How it differs from love, attachment, and addiction

Tennov drew a sharp line between limerence and love: love can survive certainty about the other person, limerence often collapses without ambiguity. It is also distinct from secure attachment in the Bowlby sense — attachment seeks proximity and comfort, limerence seeks signs and validation. And while some researchers frame intense cases on an OCD spectrum, it is not an addiction in the substance-dependence sense; the reward loop is social, not chemical.

The state has had a research resurgence since 2020, partly because dating apps amplify the conditions that produce it: low-signal, high-frequency, asynchronous communication. Most existing studies are descriptive rather than clinical — there is no agreed treatment protocol.

Where ethics enters

The ethical question is not whether the feeling is real. It is what you do with it. Do you confess and risk burdening someone? Do you hide it from a partner? Do you cut contact even if that seems cold? Do you keep accepting attention from someone you know is emotionally dependent on you? Each of those is a dilemma in the strict sense — every option has a real cost. The structure is the same shape as loyalty vs. honesty and moral injury cases: identity is on the line, and there is no clean exit.

Six dilemmas this unlocks

  • You are in a stable relationship but obsessed with someone else. Do you confess?
  • Someone gives you ambiguous romantic signals for months. Do you ask directly or disappear?
  • You realize a friend is emotionally dependent on your attention. Do you set a hard boundary?
  • Your partner admits limerence for another person but says nothing happened. Do you stay?
  • You can end the fixation only by cutting off someone who did nothing wrong. Do you do it?
  • You know someone is idealizing you. Do you correct the fantasy even if it hurts them?

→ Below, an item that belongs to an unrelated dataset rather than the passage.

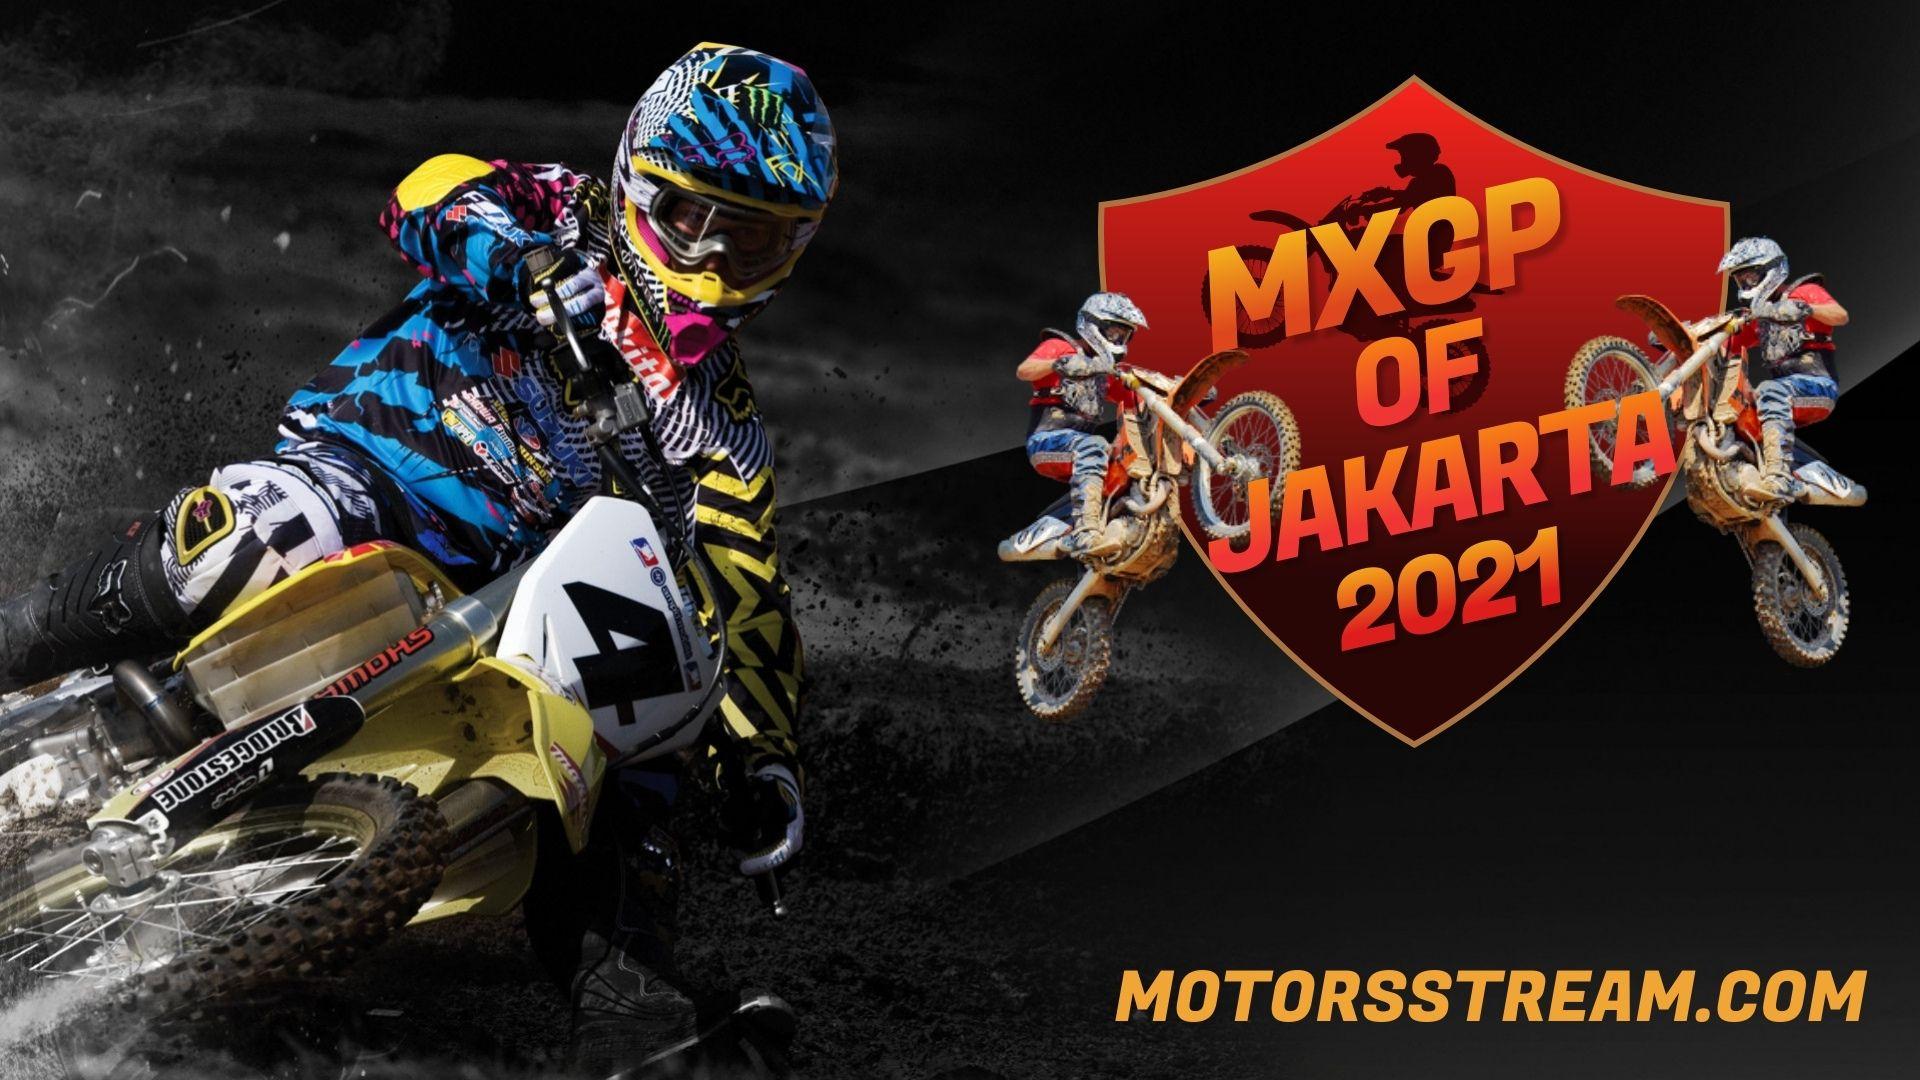 FIM Motocross WC Jakarta Live Stream 2021 | MXGP

For more on the psychology behind these conflicts, the Moral Psychology hub collects related reads. If the uncertainty side resonates more than the obsession side, ambiguous loss is the companion piece on the grief that follows an unresolved exit.

Educational and reflective content, not relationship or mental-health advice. If limerence is interfering with daily functioning, sleep, or your existing commitments, a licensed therapist familiar with attachment work is the right resource.